Only water and a splash of dark soy sauce for colour was added to the pan. It wasn’t very much liquid at all - barely enough to cover the pork - and we arranged the eggs, tofu sticks, and firm tofu around the meat, flipping them around so that everything was coated in the liquid. “Use your eyes to watch. You have to watch,” my MIL repeated for emphasis, explaining that there’s no definite time for how long everything requires. Once the tofu sticks have softened, take them out of the pot or they will disintegrate. Flip the tofu and eggs occasionally during the cooking time so that they colour evenly. Jab the pork with a fork to gauge how long more it has to go. The tofu puffs are added only when the pork was about done, the rationale being that they will sponge up all of the braising liquid if added too early. It occurred to me how challenging it is to write a streamlined recipe for this sort of Asian cooking, a type of cooking ethos that we describe as agak agak in Singapore, or the act of observing and adjusting, or of remaining an active participant in the cooking process even if time is doing most of the heavylifting.
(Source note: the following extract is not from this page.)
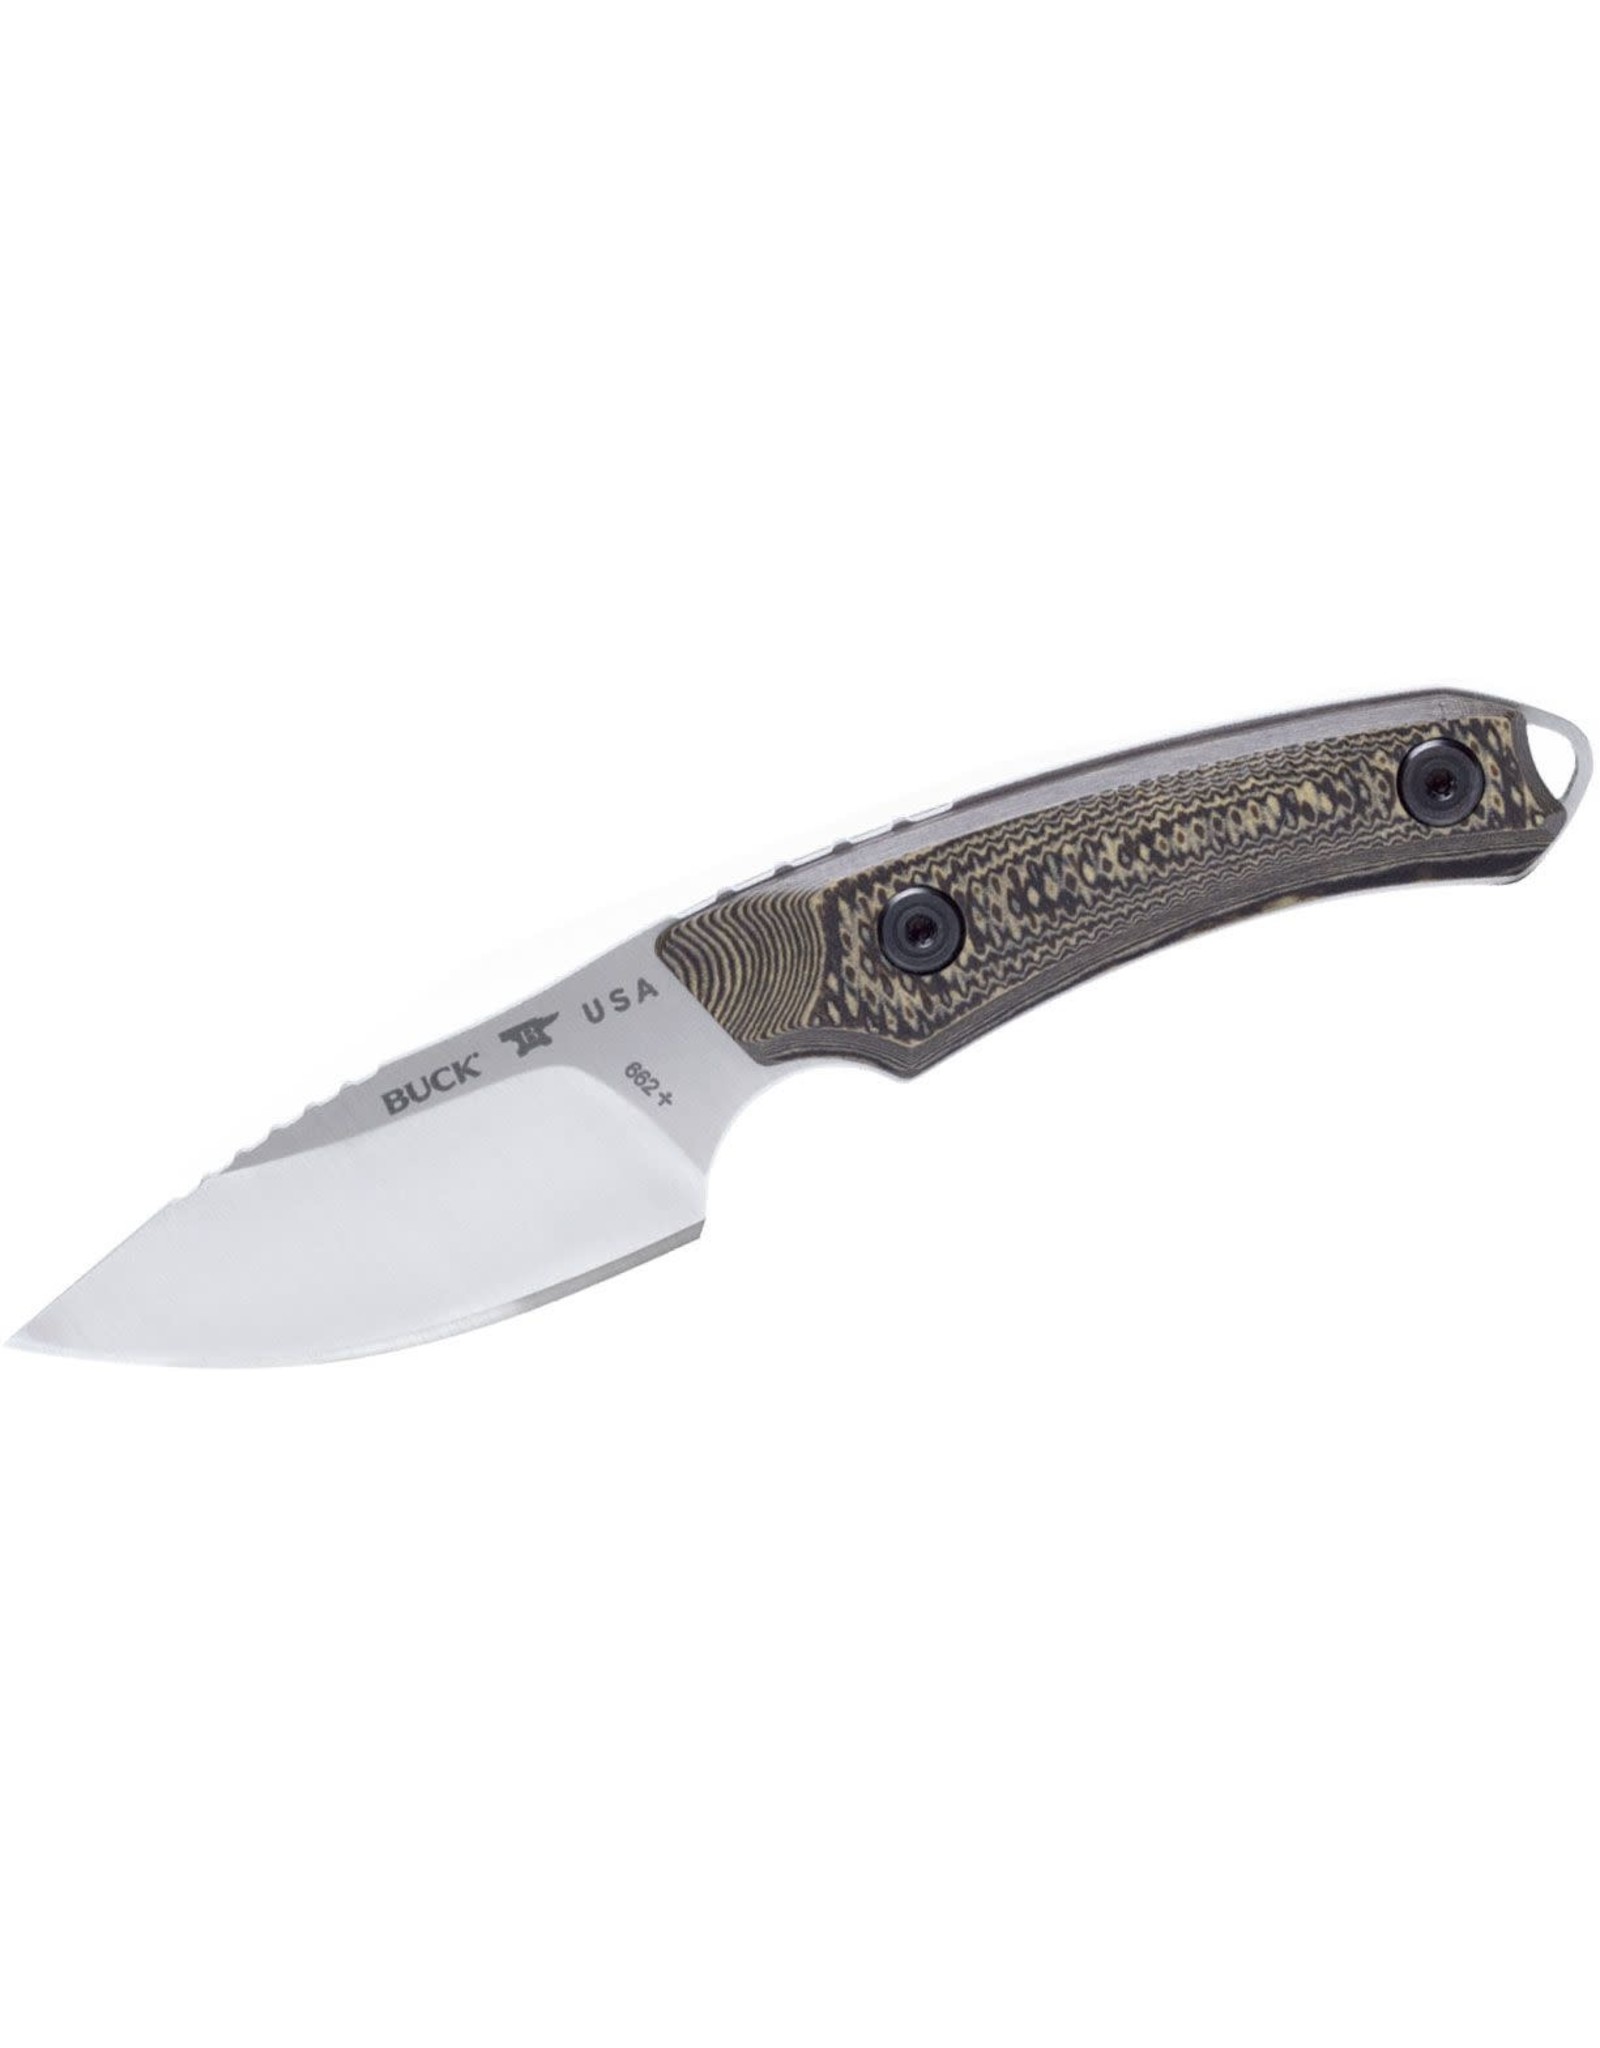 Buck Knives Buck 662 Alpha Scout Fixed Blade Knife 2.875" S35VN Satin Drop Point, Layered Gorge Patterned Richlite Handles, Leather Sheath - 13463

It certainly isn’t as passive as putting the lid on and walking away for 2 hours.
When the pork was done, my MIL pulled out a cooking board, laid it across the table, and sliced everything up to bite-size pieces. “要摆美美拍照!” (“We have to arrange everything nicely for the photo!”) It was a proud moment. And even though it was my mother-in-law’s dish, the sense of pride emanating from a single pot of food was infectious. That something so startling in its simplicity, so humbly evocative of home, and so one-tone in a conventional photographic sense could nonetheless bring a little bit of splendour into our everyday lives.